Adding and Encoding Page Images - LiteratureInContext/LiC-data GitHub Wiki
Facsimile page images are images of the actual pages from, for instance, the first edition of the published text. We include them to give a clearer picture of the material object—the book. You might take pictures of page images with your phone from a book in a library collection, or you might find existing page images online, often from a library website. In either case, you’ll need to rename the page images, and then connect them with the XML of your digital edition.
XML Tag
We'll be using this tag to explain the naming convention. This is the tag in the XML that is used to display page images:
<pb n="100" facs="pageImages/100.jpg"/>
The element is a TEI element for a “page break”.

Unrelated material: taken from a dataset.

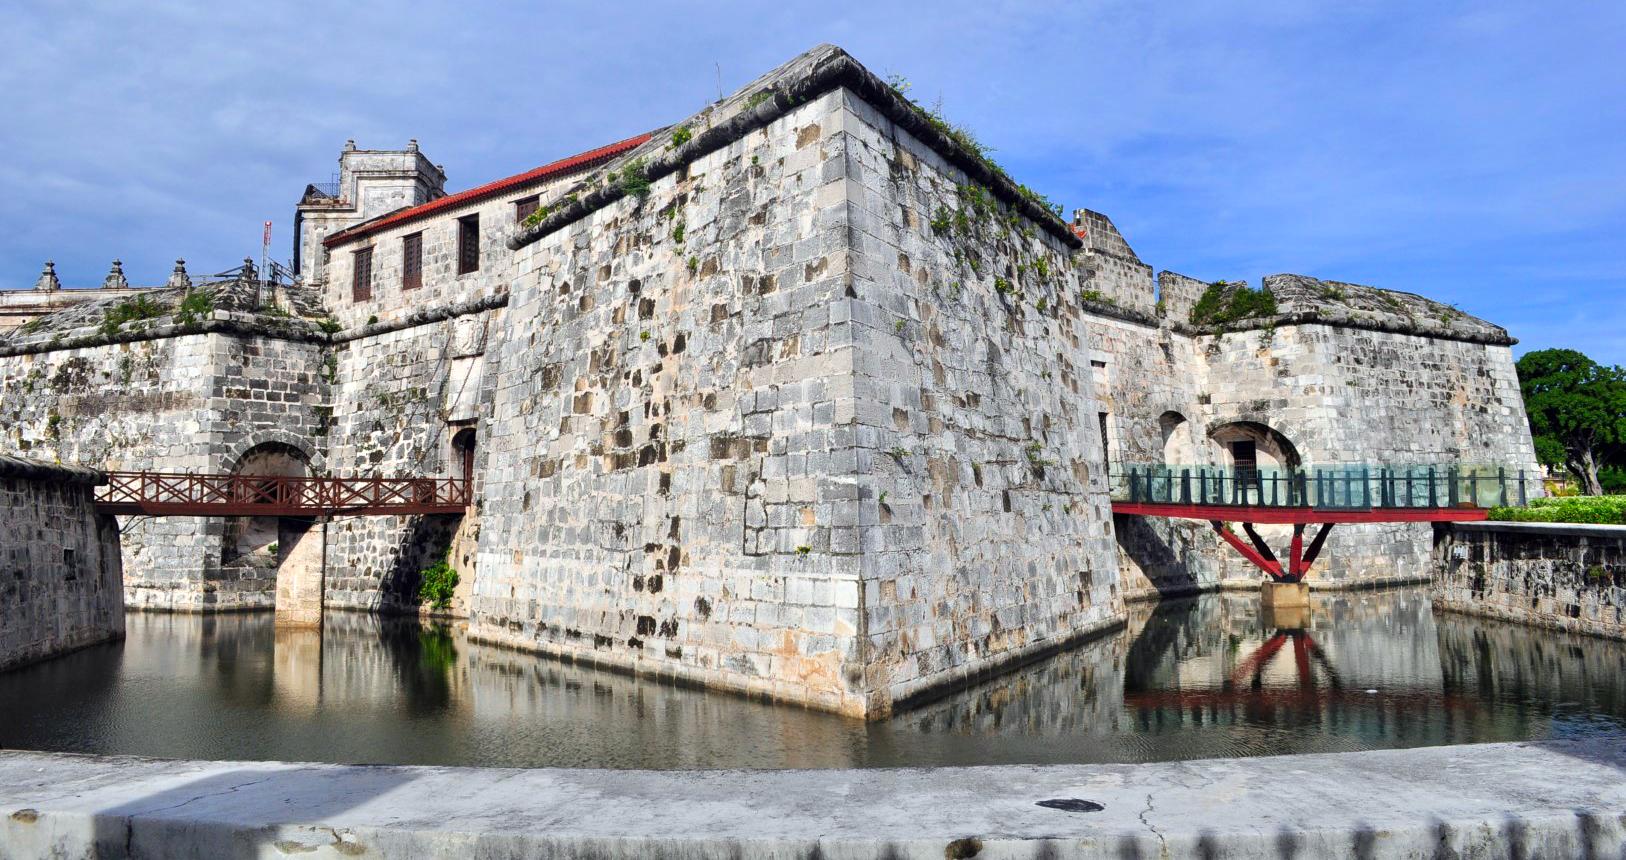 Qué ver en La Habana, Cuba qué ver en la habana, cuba - 30472653273 49716047b2 o - Qué ver en La Habana, Cuba

The n="" attribute (or @n) in the pb tag represents the page number that the image in @facs="" will be displaying. This also has bearing on the alt text that is auto-generated by the application. For example, page 57 will be
Title pages will show n="[title page]" and similarly other unnumbered pages may use a different value for the n="". If there is a change to the numbering convention—any page number that is not actually the number printed on the page itself, you should use [square brackets] to indicate that you’ve added information.
For simplicity, we choose to name the images (that will be uploaded to the pageImages folder of the text on AWS) using the page they are representing. So, if the picture is showing the 100th page in the text it will simply be called 100.png or 100.jpg etc.
Pages with roman numerals: If the page number is a roman numeral, it is named with that roman numeral. Ex: vii.jpg.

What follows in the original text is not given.